Wij Beatrix, bij de gratie Gods, Koningin der Nederlanden, Prinses van Oranje-Nassau, enz. enz. enz.

Allen, die deze zullen zien of horen lezen, saluut! doen te weten:

Alzo Wij in overweging genomen hebben, dat het wenselijk is de verplichtingen ten behoeve van de belastingheffing beter af te stemmen op verplichtingen van internationaal en interregionaal recht op het gebied van het verlenen van bijstand door Nederland aan andere staten bij de heffing van belastingen teneinde te bevorderen dat belastingschulden op het juiste bedrag kunnen worden vastgesteld en dat het ontgaan en ontwijken van belastingen wordt bestreden;

Zo is het, dat Wij, de Raad van State gehoord, en met gemeen overleg der Staten-Generaal, hebben goedgevonden en verstaan, gelijk Wij goedvinden en verstaan bij deze:

Hoofdstuk I. Inleidende bepalingen

Artikel 1

  • 1 De bepalingen van deze wet strekken ten behoeve van de nakoming van verplichtingen die voortvloeien uit richtlijnen van de Raad van de Europese Gemeenschappen en uit andere regelingen van internationaal en interregionaal recht tot het verlenen van wederzijdse bijstand bij de heffing van belastingen naar het inkomen, de winst en het vermogen, de heffing van belastingen van nalatenschappen en verkrijgingen krachtens erfrecht en schenkingen, alsmede de heffing van omzetbelasting en van accijns en de heffing op verzekeringspremies.

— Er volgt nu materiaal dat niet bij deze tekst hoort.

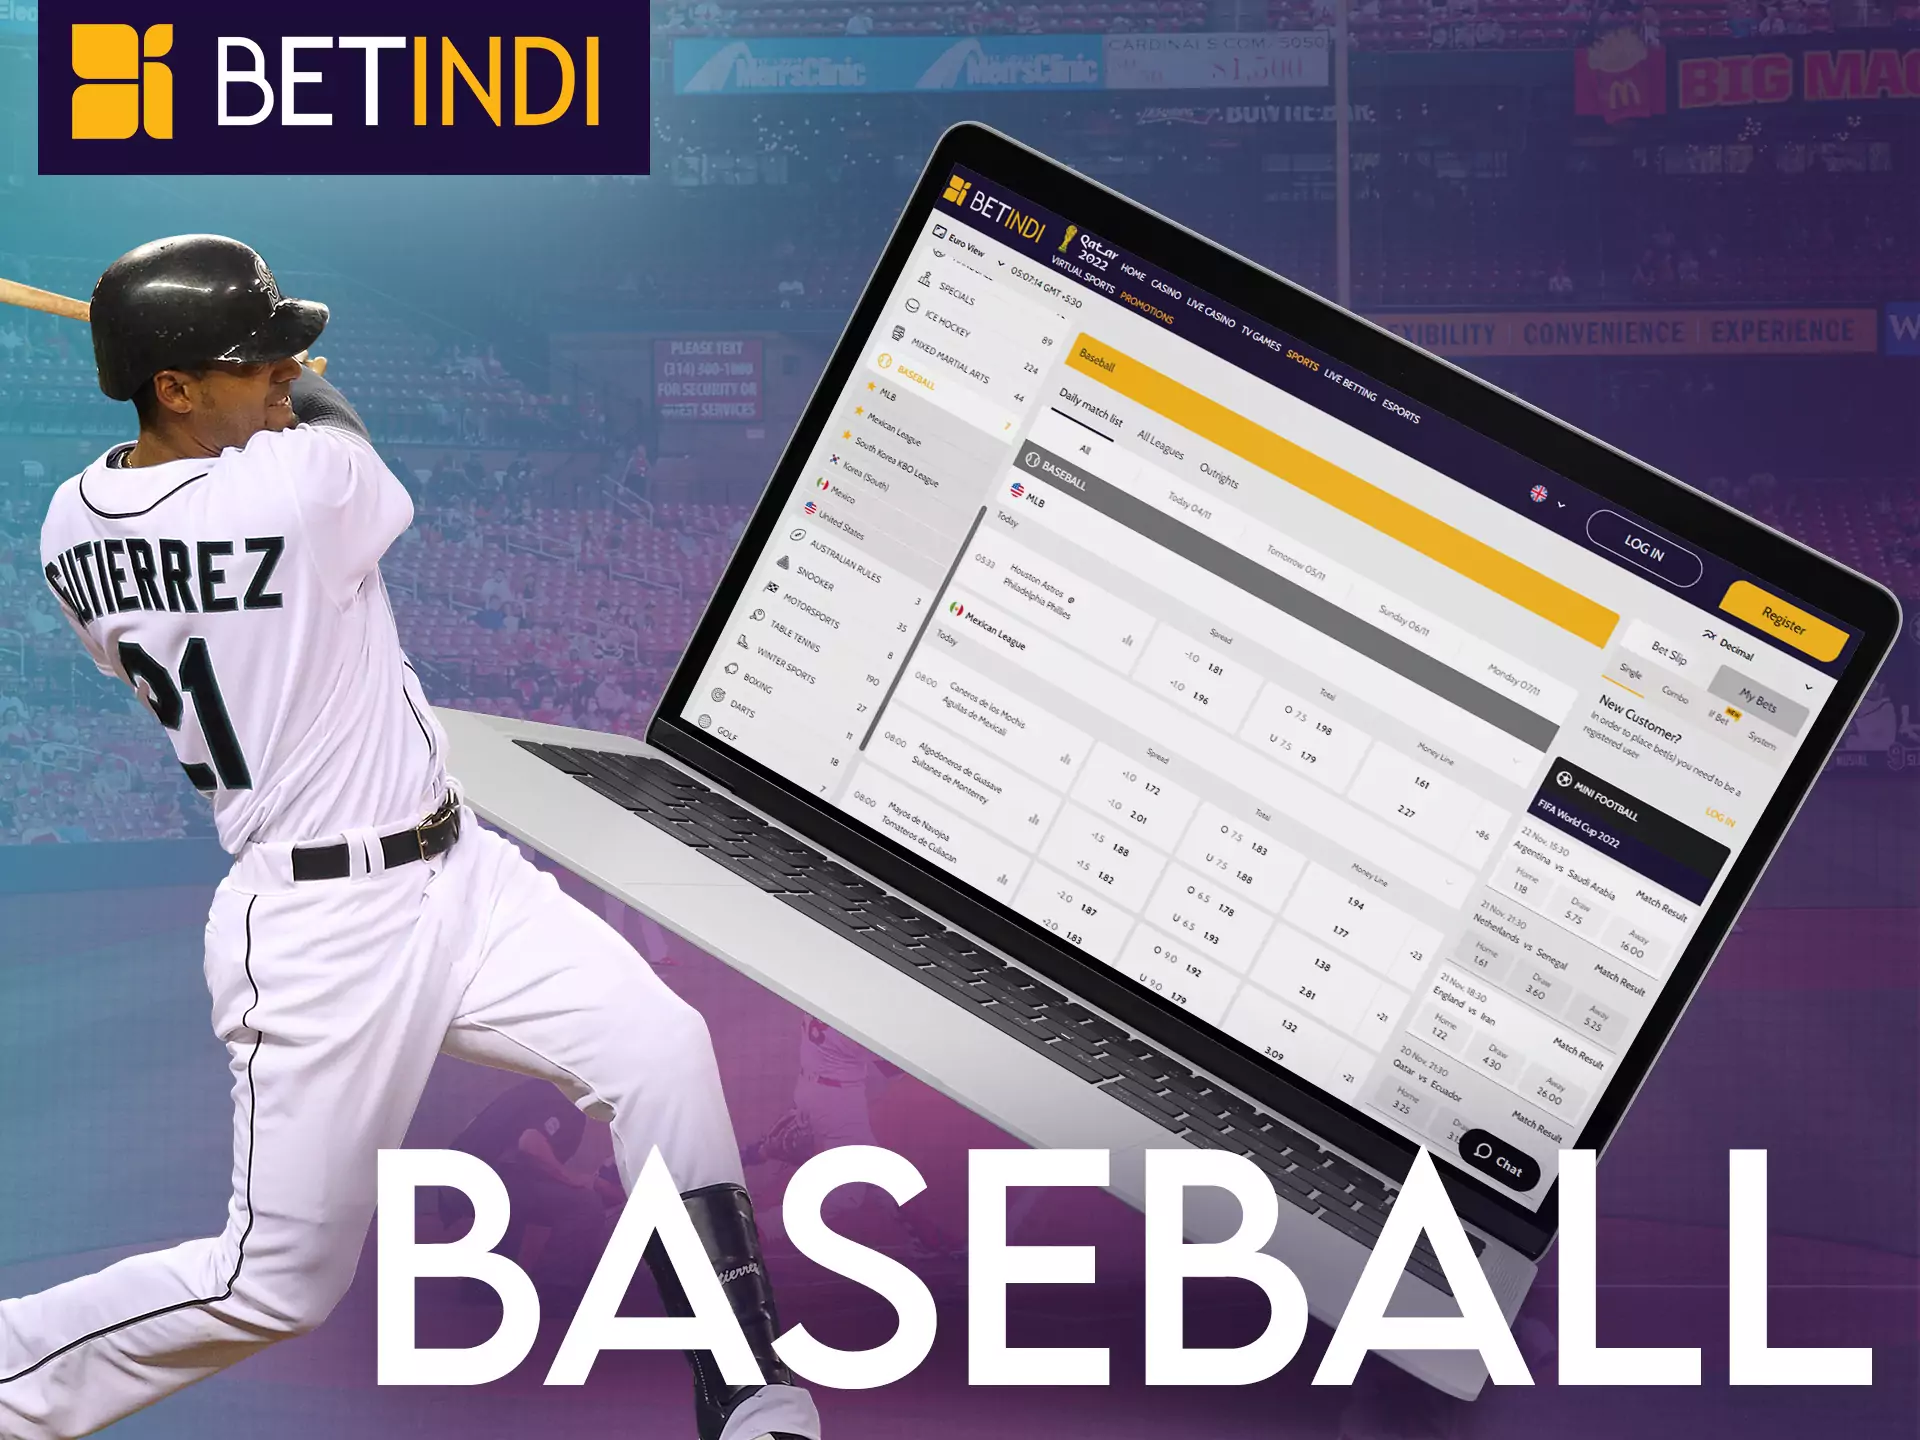 With Betindi, you can bet on your favorite baseball teams.
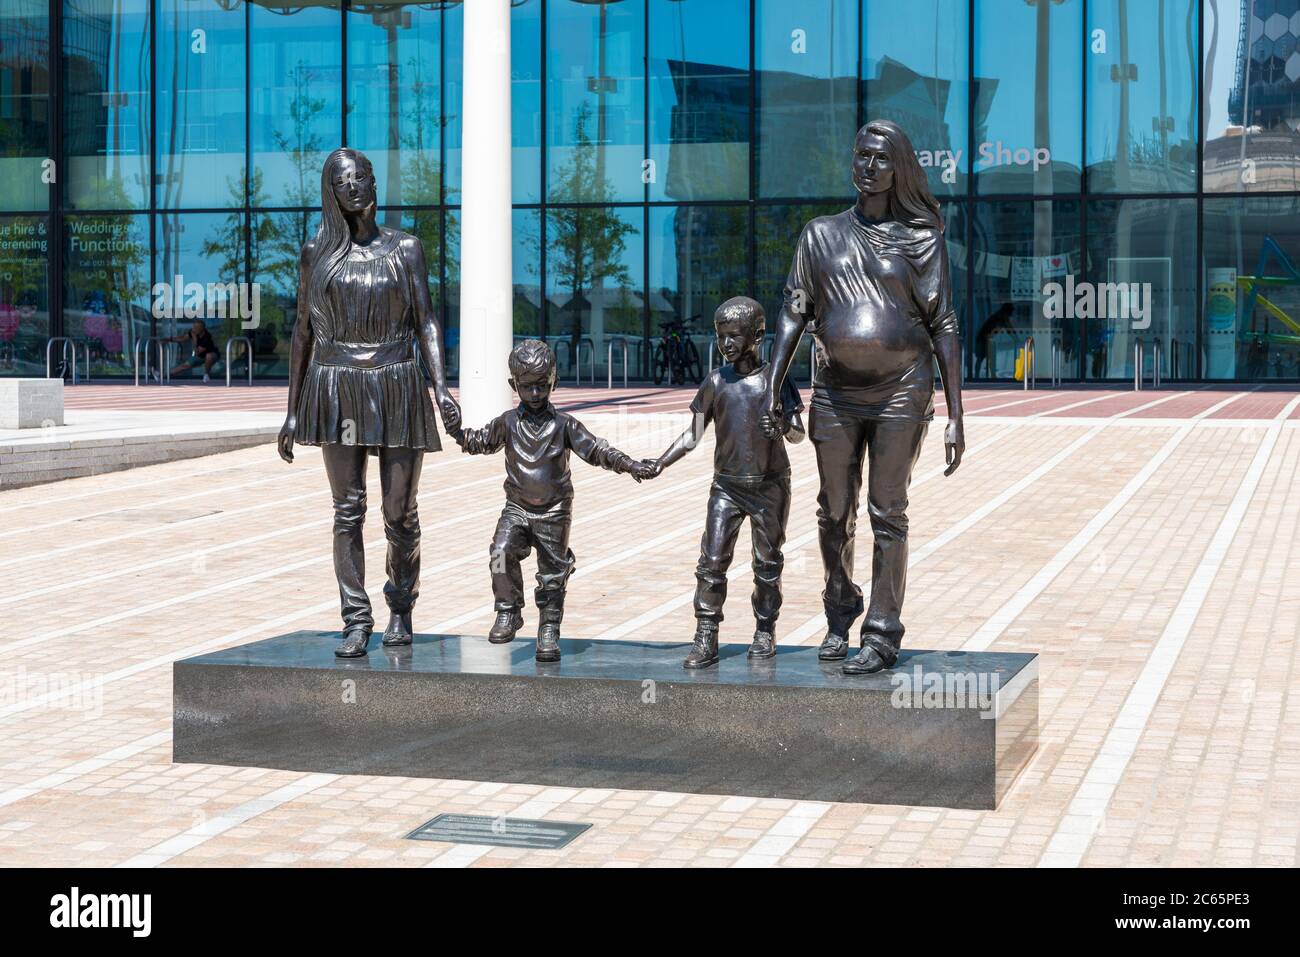 A Real Family of Birmingham sculpture cast in bronze by Gillian Wearing in Centenary Square, Birmingham, UK Stock Photo

  • 2 Deze wet is niet van toepassing op de samenwerking in het kader van artikel 19, zesde lid, van richtlijn nr. 92/12/EEG van de Raad van de Europese Gemeenschappen van 25 februari 1992 betreffende de algemene regeling voor accijnsprodukten, het voorhanden hebben en het verkeer daarvan en de controles daarop (PbEG L76).

  • 3 Deze wet is niet van toepassing bij het verlenen van wederzijdse bijstand op het gebied van de omzetbelasting in het kader van verordening (EG) nr. 1798/2003 van de Raad van de Europese Unie van 7 oktober 2003 betreffende de administratieve samenwerking op het gebied van de belasting over de toegevoegde waarde en tot intrekking van verordening (EEG) nr. 218/92 (PbEU L 264). Bij toepassing van die verordening zijn de artikelen 8, tweede lid, en 11 van deze wet van overeenkomstige toepassing.

Artikel 2

Deze wet en de daarop berustende bepalingen verstaan onder:

  • a. Onze Minister: Onze Minister van Financiën;

  • b. lidstaat: lidstaat van de Europese Unie;

  • c. staat: een lidstaat, een Mogendheid of een bestuurlijke eenheid waarmee in de relatie met Nederland een wederkerige regeling bestaat die voorziet in wederzijdse bijstand bij de heffing van de in artikel 1 bedoelde belastingen, alsmede de Nederlandse Antillen en Aruba;

  • d. bevoegde functionaris: de functionaris van de rijksbelastingdienst die als zodanig bij ministeriële regeling is aangewezen;

  • e. bevoegde autoriteit: de door een staat tot het uitwisselen van inlichtingen aangewezen persoon of instantie.

Artikel 3

Als belastingen naar het inkomen, de winst en het vermogen als bedoeld in artikel 1 worden, ongeacht de wijze waarop de belasting wordt geheven, beschouwd alle belastingen die worden geheven naar het gehele inkomen, naar de gehele winst, naar het gehele vermogen of naar bestanddelen van het inkomen, van de winst of van het vermogen, daaronder begrepen belastingen naar voordelen verkregen uit de vervreemding van roerende of onroerende zaken en belastingen geheven naar loonsommen.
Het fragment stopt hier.